New Gitaldaha | |
Type: | Indian Railways station |
Style: | Indian Railways |
Address: | Cooch Behar, West Bengal |
Country: | India |
Coordinates: | 26.0352°N 89.4888°W |
Opened: | 1900 |
Closed: | 1955–1960? |
Status: | Line out of service |
Former: | Cooch Behar State Railway |
Map Type: | India West Bengal#India |
New Gitaldaha railway station is on the broad-gauge Alipurduar–Bamanhat branch line.[1]
Gitaldaha was a railway station and is a defunct rail transit point on the India–Bangladesh border in Cooch Behar district in the Indian state of West Bengal. The corresponding point on the Bangladesh side is Mogalhat in Lalmonirhat District.[2] [3]
The area was agog with railway activity in the 19th–20th century. The Assam Behar State Railway linked Parbatipur to Katihar, with a metre-gauge line in 1889. In the early 1900s, the Eastern Bengal Railway extended railways to Lalmonirhat, Gitaldaha (via Mogalhat), Bamanhat, Golokganj and other places, thereby connecting Assam to Katihar, in Bihar, via North Bengal. In 1901 Cooch Behar State Railway built the narrow-gauge line from Gitaldaha to Jayanti, near the Bhutan border. Shortly thereafter, the line was upgraded to meter gauge.[4] [5]
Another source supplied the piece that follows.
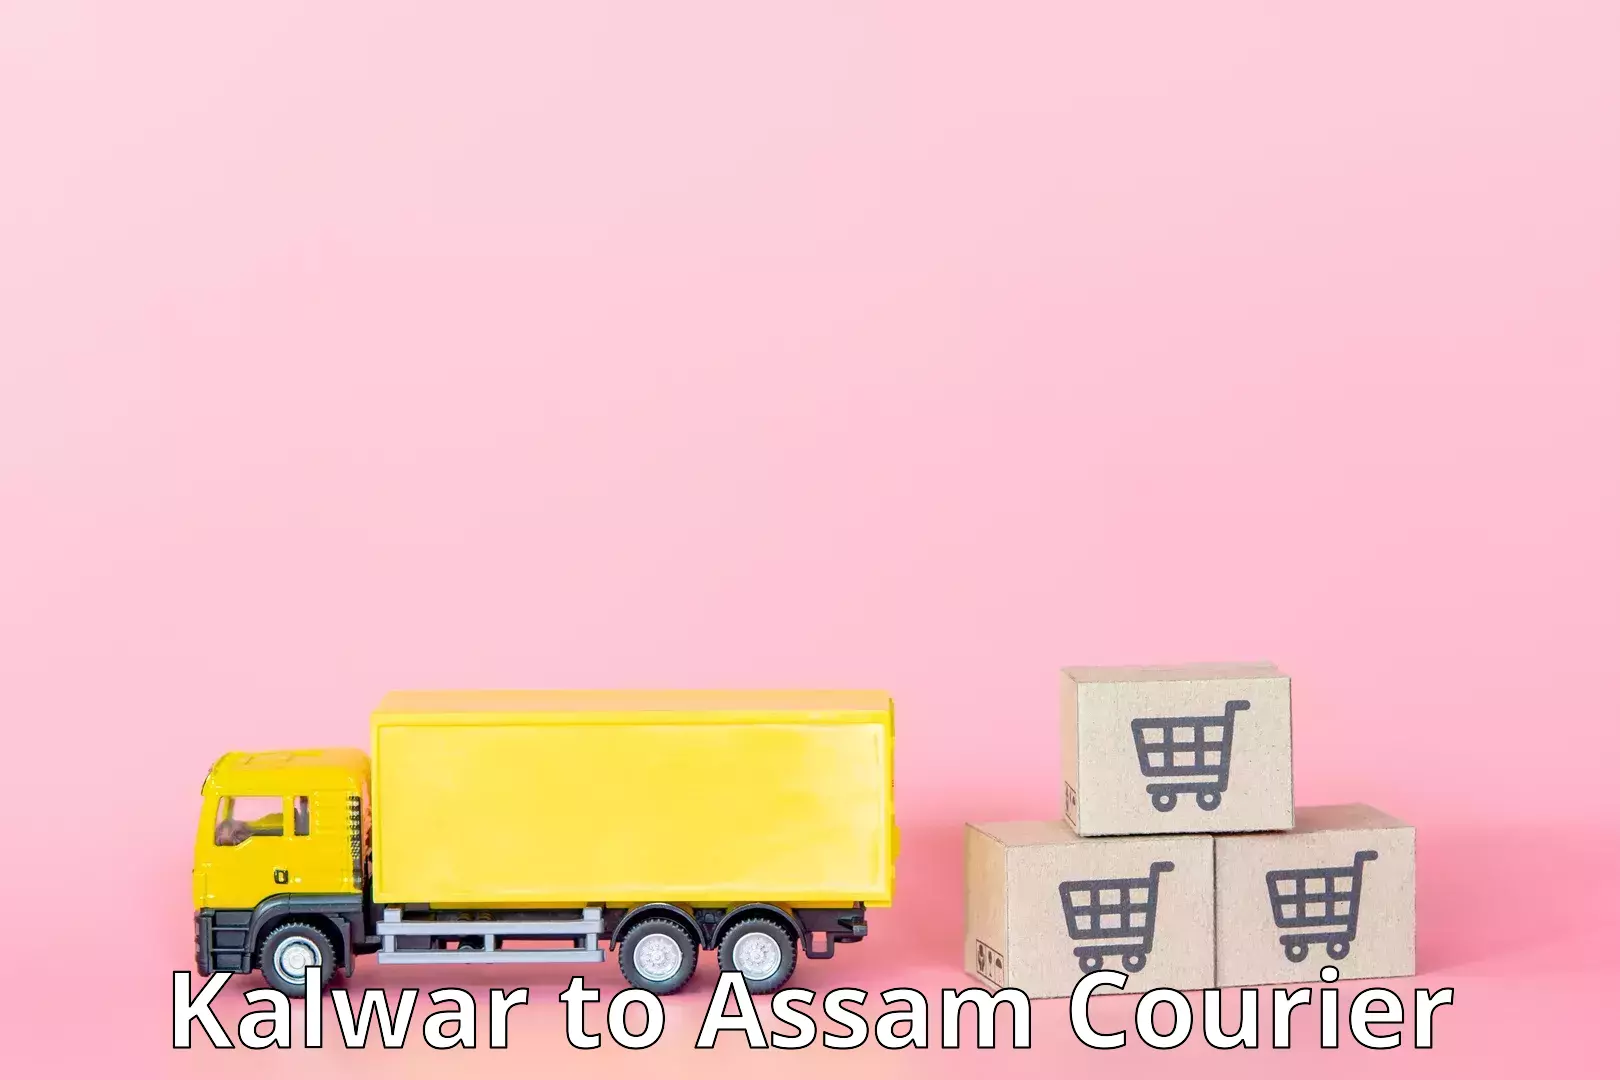 High-speed parcel service Kalwar to Assam
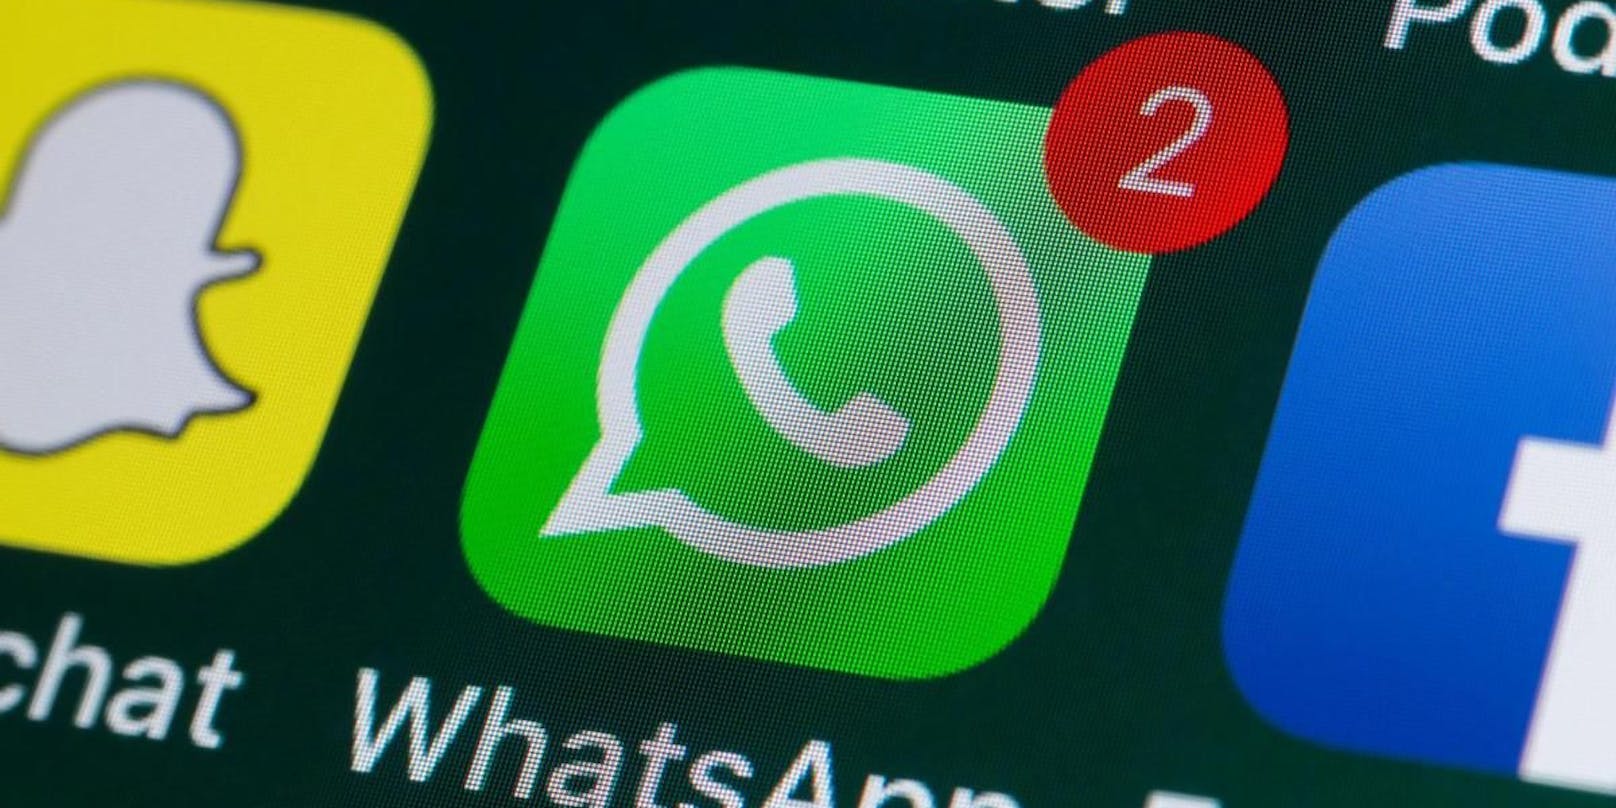 WhatsApp hat große Änderungen angekündigt, was die Messaging-App angeht.

The Lalmonirhat–Mogalhat–Gitaldaha route was functional when India and Pakistan agreed in 1955 for resumption of railway traffic between the two countries, and it included movement of cross traffic via Mogalhat through the Eastern Bengal Railway.[6] A portion of the bridge across the Dharla River at 26.003°N 89.4693°W was washed away by floods in 1988.[7] [8] Prior to the partition of India, the prestigious Assam Mail used to travel from Santahar to Guwahati.[9]
The conversion of the 72 km-long Alipurduar–Bamanhat branch line to broad gauge in 2007, and its subsequent recommissioning, had a station at New Gitaldaha.[10]
New Gitaldaha railway station serves Gitaldaha and the surrounding areas.
The map alongside presents the position as it stands today (2020). The international border was not there when the railways were first laid in the area in the 19th-20th century. It came up in 1947. The map is 'interactive' (the larger version) - it means that all the places shown in the map are linked in the full screen map.